内存采集器的 Udpate 方法实现如下:
// Update calls (*meminfoCollector).getMemInfo to get the platform specific
// memory metrics.
func (c *meminfoCollector) Update(ch chan<- prometheus.Metric) error {
var metricType prometheus.ValueType
memInfo, err := c.getMemInfo()
if err != nil {
return fmt.Errorf("couldn't get meminfo: %w", err)
}
level.Debug(c.logger).Log("msg", "Set node_mem", "memInfo", memInfo)
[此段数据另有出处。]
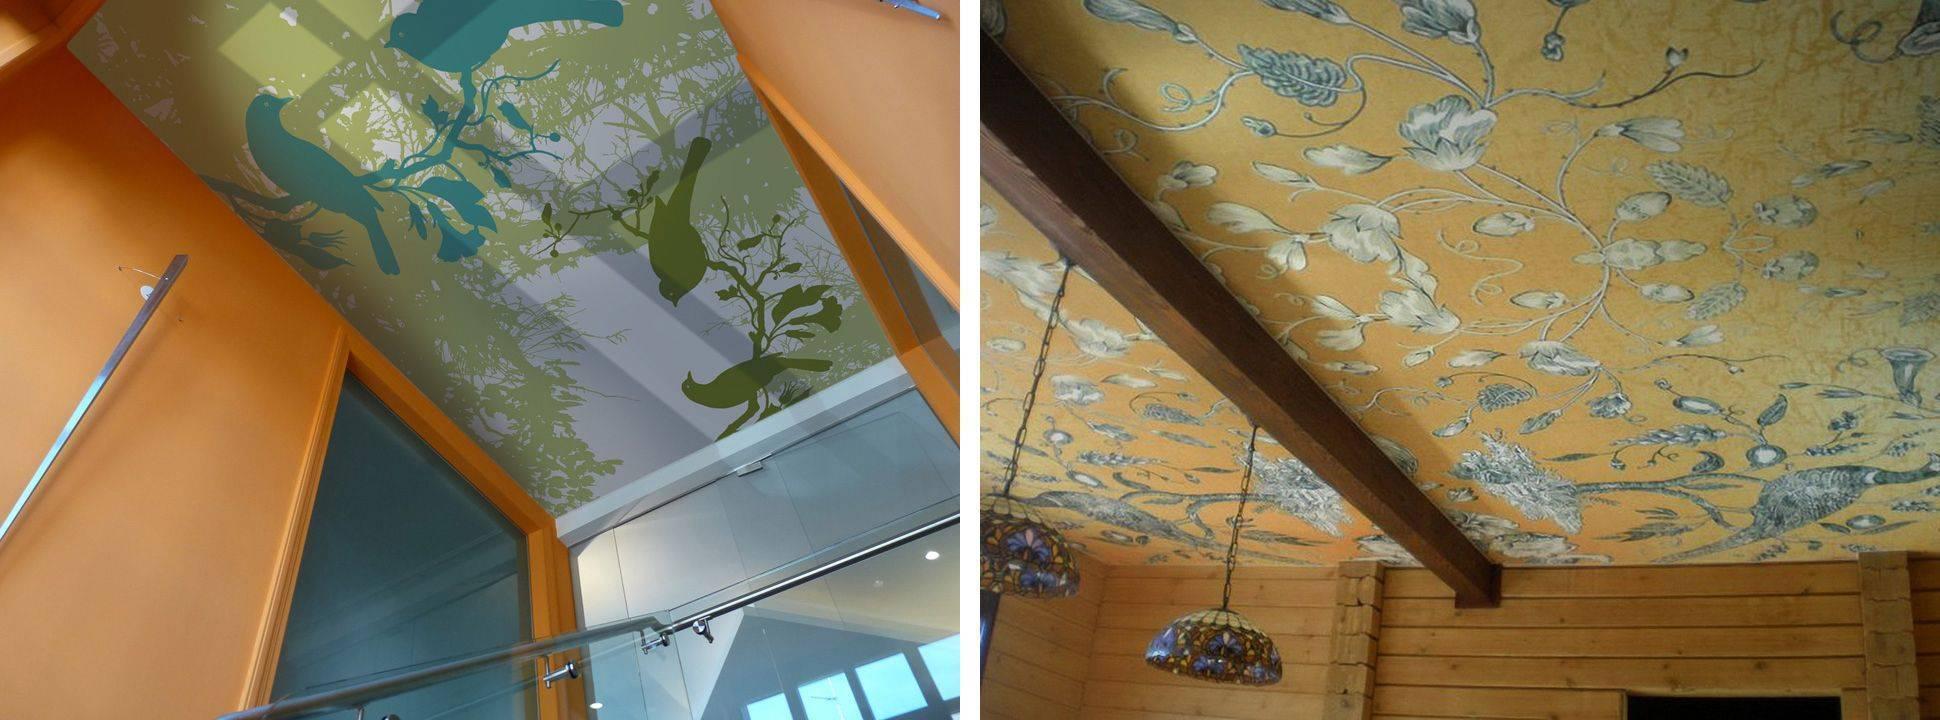 Тканевые натяжные потолки своими руками - оформление и монтаж!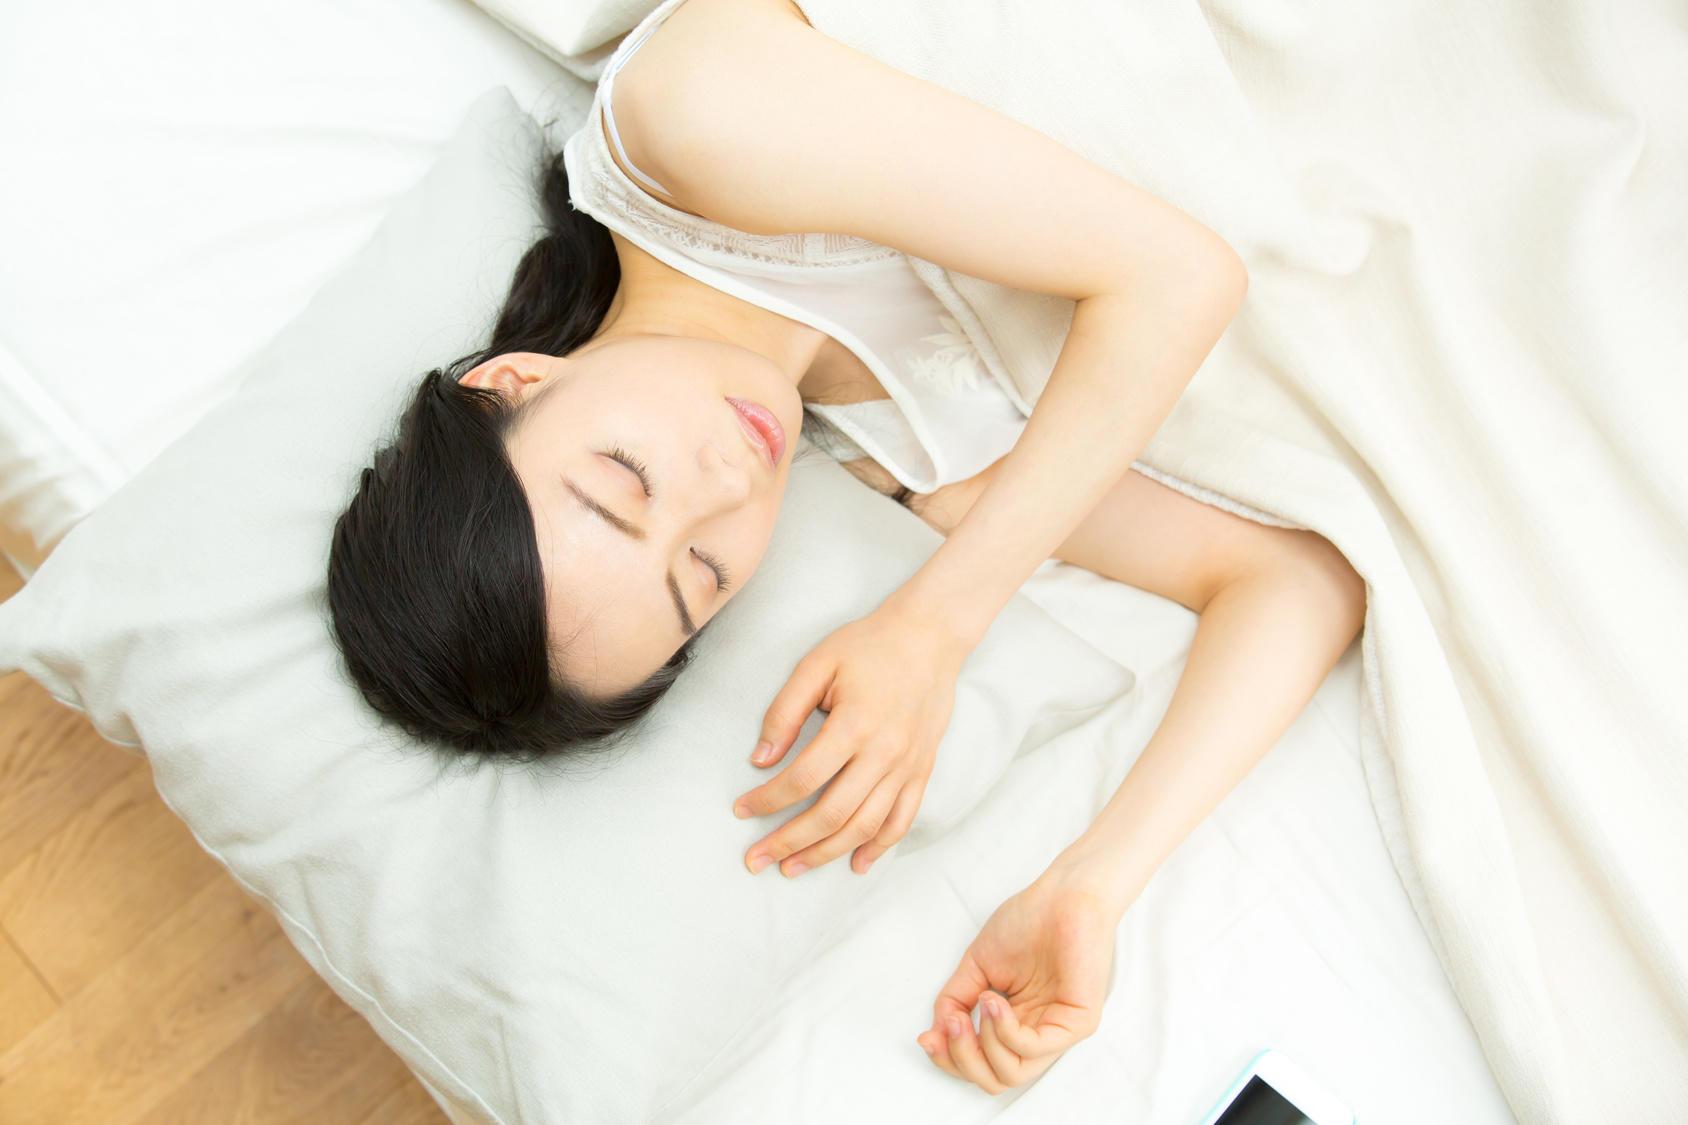 睡眠に不満がある人は9割超―求められる十分な睡眠時間と質の高い眠り

for k, v := range memInfo {
if strings.HasSuffix(k, "_total") {
metricType = prometheus.CounterValue
} else {
metricType = prometheus.GaugeValue
}
ch <- prometheus.MustNewConstMetric(
prometheus.NewDesc(
prometheus.BuildFQName(namespace, memInfoSubsystem, k),
fmt.Sprintf("Memory information field %s.", k),
nil, nil,
),
metricType, v,
)
}
return nil
}
获取内存信息的具体实现是在 meminfo_linux.go 文件中,不同操作系统有不同的实现,getMemInfo 方法实现如下:
//go:build !nomeminfo
// +build !nomeminfo
package collector
import (
"bufio"
"fmt"
"io"
"os"
"regexp"
"strconv"
"strings"
)
var (
reParens = regexp.MustCompile(`\((.*)\)`)
)
func (c *meminfoCollector) getMemInfo() (map[string]float64, error) {
file, err := os.Open(procFilePath("meminfo"))
if err != nil {
return nil, err
}
defer file.Close()
return parseMemInfo(file)
}
func parseMemInfo(r io.Reader) (map[string]float64, error) {
var (
memInfo = map[string]float64{}
scanner = bufio.NewScanner(r)
)
for scanner.Scan() {
line := scanner.Text()
parts := strings.Fields(line)
// Workaround for empty lines occasionally occur in CentOS 6.2 kernel 3.10.90.
if len(parts) == 0 {
continue
}
fv, err := strconv.ParseFloat(parts[1], 64)
if err != nil {
return nil, fmt.Errorf("invalid value in meminfo: %w", err)
}
key := parts[0][:len(parts[0])-1] // remove trailing : from key
// Active(anon) -> Active_anon
key = reParens.ReplaceAllString(key, "_${1}")
switch len(parts) {
case 2: // no unit
case 3: // has unit, we presume kB
fv *= 1024
key = key + "_bytes"
default:
return nil, fmt.Errorf("invalid line in meminfo: %s", line)
}
memInfo[key] = fv
}
return memInfo, scanner.Err()
}
本质上是读取 Linux 操作系统的 /proc/meminfo 文件,然后分析。
procFilePath 函数在 paths.go 实现如下:
var (
// The path of the proc filesystem.
procPath = kingpin.Flag("path.procfs", "procfs mountpoint.").Default(procfs.DefaultMountPoint).String()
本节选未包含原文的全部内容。